# A.A kadochnikov video's



## Ironman (Apr 2, 2005)

has anyone seen any of kadochnikov's training vids? any reviews?

http://eng.kadochnikov.ru/books/video/


----------



## mscroggins (Apr 3, 2005)

Ironman said:
			
		

> has anyone seen any of kadochnikov's training vids? any reviews?
> 
> http://eng.kadochnikov.ru/books/video/



I picked one up on ebay the other day, and the seller gave me some free seminar footage as a bonus. 

About half the video consists of interviews with various Russian speakers. Since my knowledge of Russian is slim to none, I didn't get much out of this part. 

But the other half is a series of demonstrations and exercises, including a quick example of how to slide down a stairway, something I have always wanted to see demonstrated. Aside from the stairs demonstration and a related trench entering demo, there are numerous coordination exercises, and plenty of exercises for moving on the ground. Let me add that they did not appear to be for wrestling, but rather for covering ground while under fire. 

In my opinion, the stairway demonstration alone is worth the price. The video is not the end all be all, and it doesn't compare in quality or usefulness to Vlad's video library, but there is some good information and ideas to be gleaned from the video. 

I haven't had a chance to watch much of the seminar footage.


----------



## Ironman (Apr 3, 2005)

cool man thanx.


----------



## Clash (Apr 10, 2005)

Greetings,

I believe I also have the two videos of Kadochnikov, that were mentioned in this thread. Its a mixture of interviews and seminar footage,along with some demonstrations of roll's on the second tape by his son Alexy.

I also have 3 other tapes I ordered, that are in PAL format. One consist of empty hand work, the second is work against holds and the third is work with weapons. I still havent been able to watch any of these videos, due to only having access to NTSC player as of now.
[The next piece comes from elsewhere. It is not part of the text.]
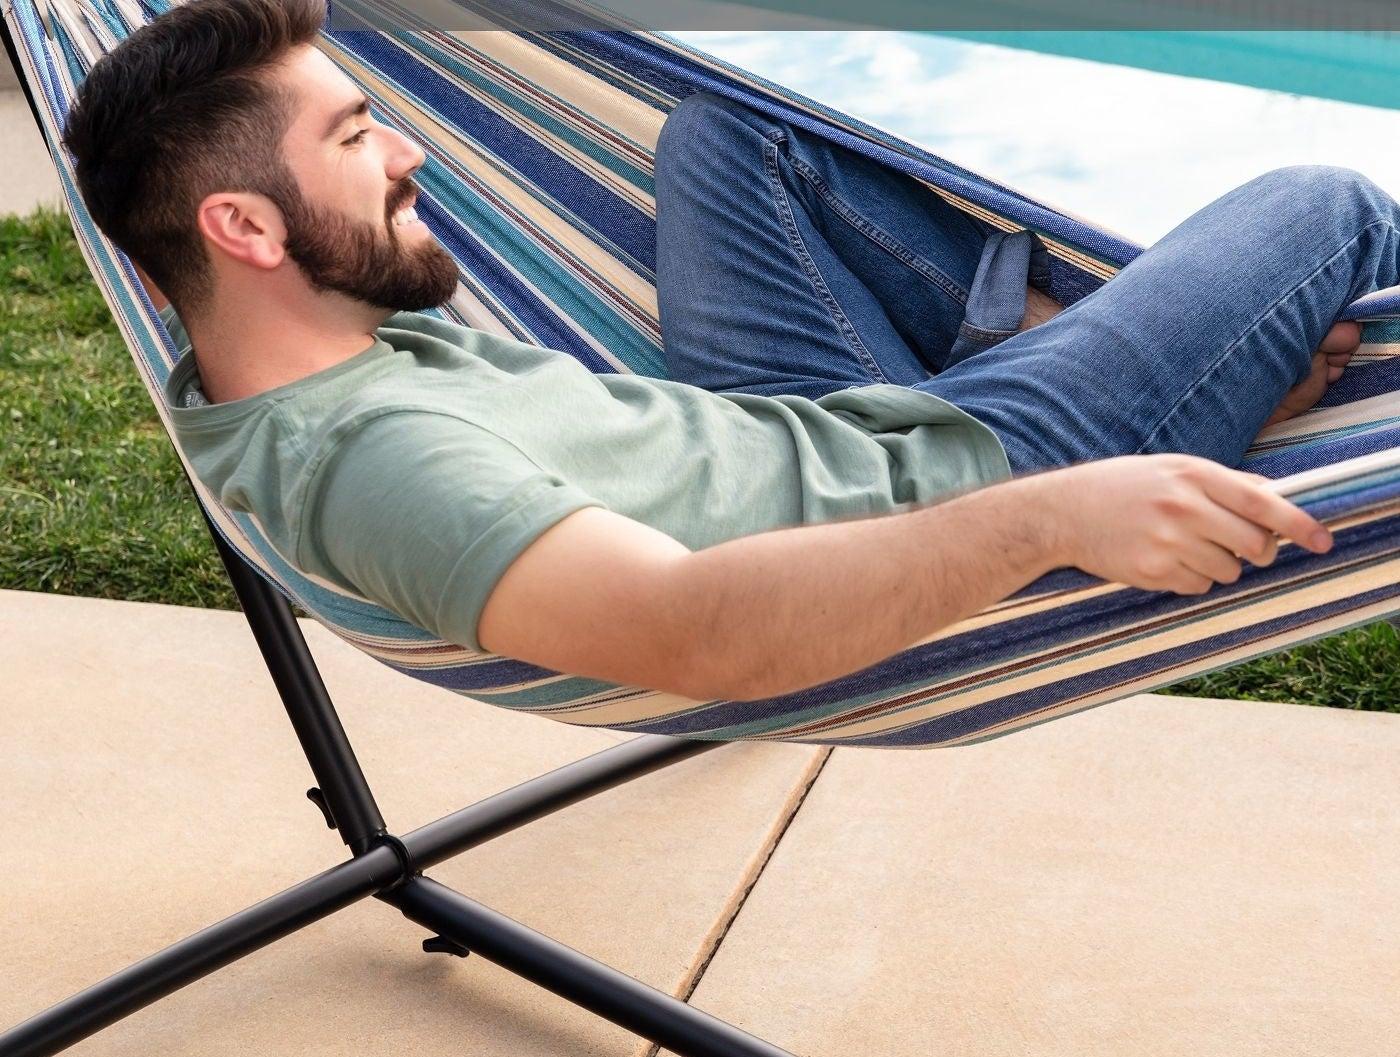 The ocean cotton double hammock

Likely soon they will have some video's that are more available to the public,
in NTSC format and english language. Its definately an amazing system and its well worth checking out, you get to see applied science in action in the demonstrations.

Kind Regards, Daniel


----------



## Ironman (Apr 10, 2005)

hmm cool, i heard a new system was coming out generally based on A.A kadochnikov. Its getting started by Matt Powell i beleive, although i don't have a site for it.


----------



## Clash (Apr 11, 2005)

Yes,I was reading a post about Matt Powell developing a new system, I believe it is called "Pramek"? From what I understand it will be a system developed off of practical body mechanics and it will be a universal system
that can be put use by anyone. It will definately be interesting to see what Matt put together, I look forward to seeing some of the work in action.


----------



## Clash (Apr 11, 2005)

Whoops I actually believe I got his sons name wrong, I believe his name is Arkady Kadochnikov? :idunno: I went back to the site to see that they have added on many more videos. I wish you could purchase directly from the site, but online ordering isnt an option yet?


----------



## Ironman (Apr 11, 2005)

thanks for the responses, anyone found the Pramek site? or do you have any links to video clips A.A kadochnikov's demonstrations?


----------



## Clash (Apr 12, 2005)

Im not sure that the site is up for the Pramek site just yet, last I have heard it was being prepared to be launched. I at one point had some video clips of Kadochnikov in action on my pc, I will try to locate them for you sometime soon. This is site that you may find interesting, I believe there are a few video clips of some work "http://www.rusfight-est.com/main_eng.php"

Kind Regards, Daniel


----------



## Pervaz (Apr 12, 2005)

I believe that Matt is still fine-tuning his site (I think the link will be www.pramek.com).


----------



## Clash (Apr 12, 2005)

Many thanks for the link Pervaz, we will definately have to keep an eye on that site.


----------



## Ironman (Apr 12, 2005)

Clash said:
			
		

> Many thanks for the link Pervaz, we will definately have to keep an eye on that site.


indeed thanks .


----------



## mpowell (Apr 12, 2005)

Ironman...cool avatar )

We are fine tuning the site.

PraMek is 'American-made'.  I started it's design in the waning days of the K-Sys.  PraMek was like a little genie in the bottle enticing me with wishes...wishes to start my own things...teach things different...to leave Kadochnikov Style behind and evolve it with new ideas and influences.  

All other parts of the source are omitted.